I can assure you firsthand that, if you’re the sort of fan who hates to read horror stories about the club that you love, you can imagine what it’s like to have to write them.

That’s why, instead of the typical handwringing think pieces that accompany low periods such as these, or the standard “that was the year that was” articles that emerge at this time, I’ve decided to take a different tack.

The idea that Celtic need to modernize their structure and update their business model are hardly new—tweet me and I’ll happily point you towards work by myself and other, cleverer people on the subject—but few have considered what that might feel like as a supporter. I’m going to do that right now.

Celtic fans like to see the club as a special case. We’re not. Well, we are, because of the history of the club and the culture around it, but in general, we’re not. Celtic play football and football is a global game that exists within a global ecosystem. The quicker we learn this and implement it, the better we will be. Winning in Scotland is shallow. Not that shallow can’t be satisfying, as plenty of Celtic supporters discovered in the horrendous, yet rewarding Scottish Cup win a few weeks ago.

Celtic need to change their benchmarks, however, and with that will come differing expectations. Here’s a coping guide to what 2021 could (and should) look like, if Celtic are to progress to being a better club overall.

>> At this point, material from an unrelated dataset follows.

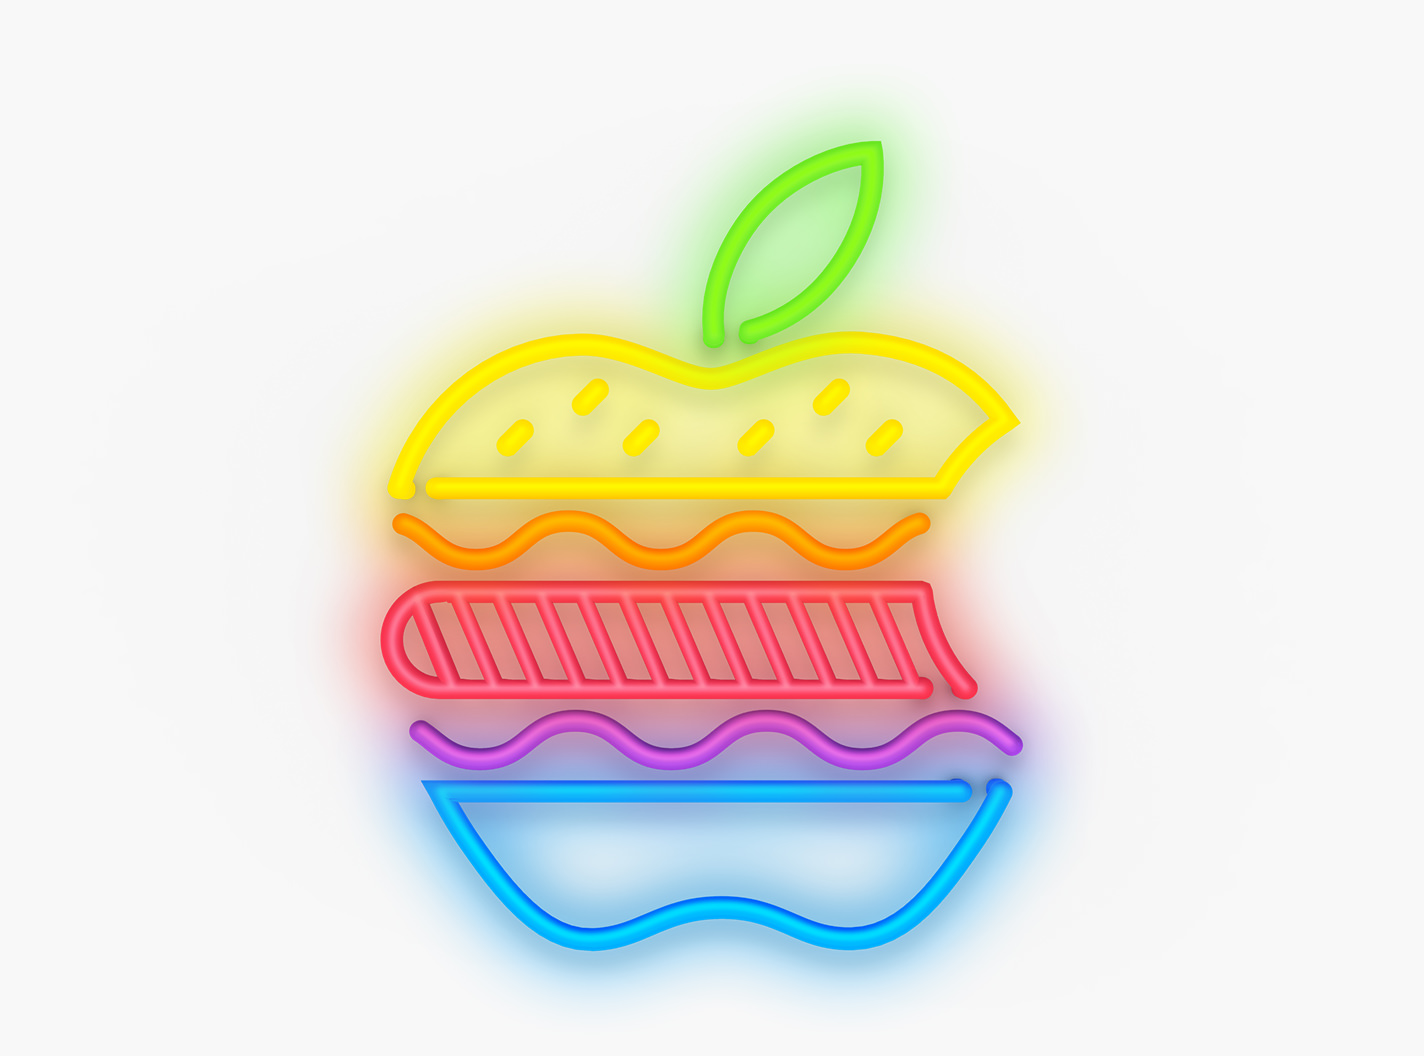 Actualizaciones: Apple lanza iOS 15.3, macOS 12.2 y más con importantes mejoras en la seguridad

Fans need to get used to losing games

The principal tenet of football is that you play to win. That’s not going to change. But there is going to be a period in which we need to take one step back to go two forwards. What I mean by this is that we will sell our best players and replace them with ones who aren’t as good, or at least, aren’t as good yet. The signing policy that will see Celtic grow to become a solid Champions League regular will involve selling players for upwards of 20 million pounds and replacing them with people who cost a quarter of that. Invariably, some of those won’t come off, but if you get enough over time, then the club as a whole progressed.

That means that, for some periods, Celtic will lose games. Young players have huge variations in form. It takes them time to get used to playing permanently against low block defences, to playing a club whose supporters demand so much, even to playing regularly against men. Celtic got Moussa Dembele, made him better and then, when it was time to sell him on, had Odsonne Edouard ready to take over immediately. That isn’t going to happen every time. There will be duds. As a support, we need to give them time to fail, learn and come back better. Our constant obsession with being one better than our rivals has led to (and will always lead to) short-termism. Commitment to long-term success requires learning to lose sometimes and still having the confidence that the process works and is working.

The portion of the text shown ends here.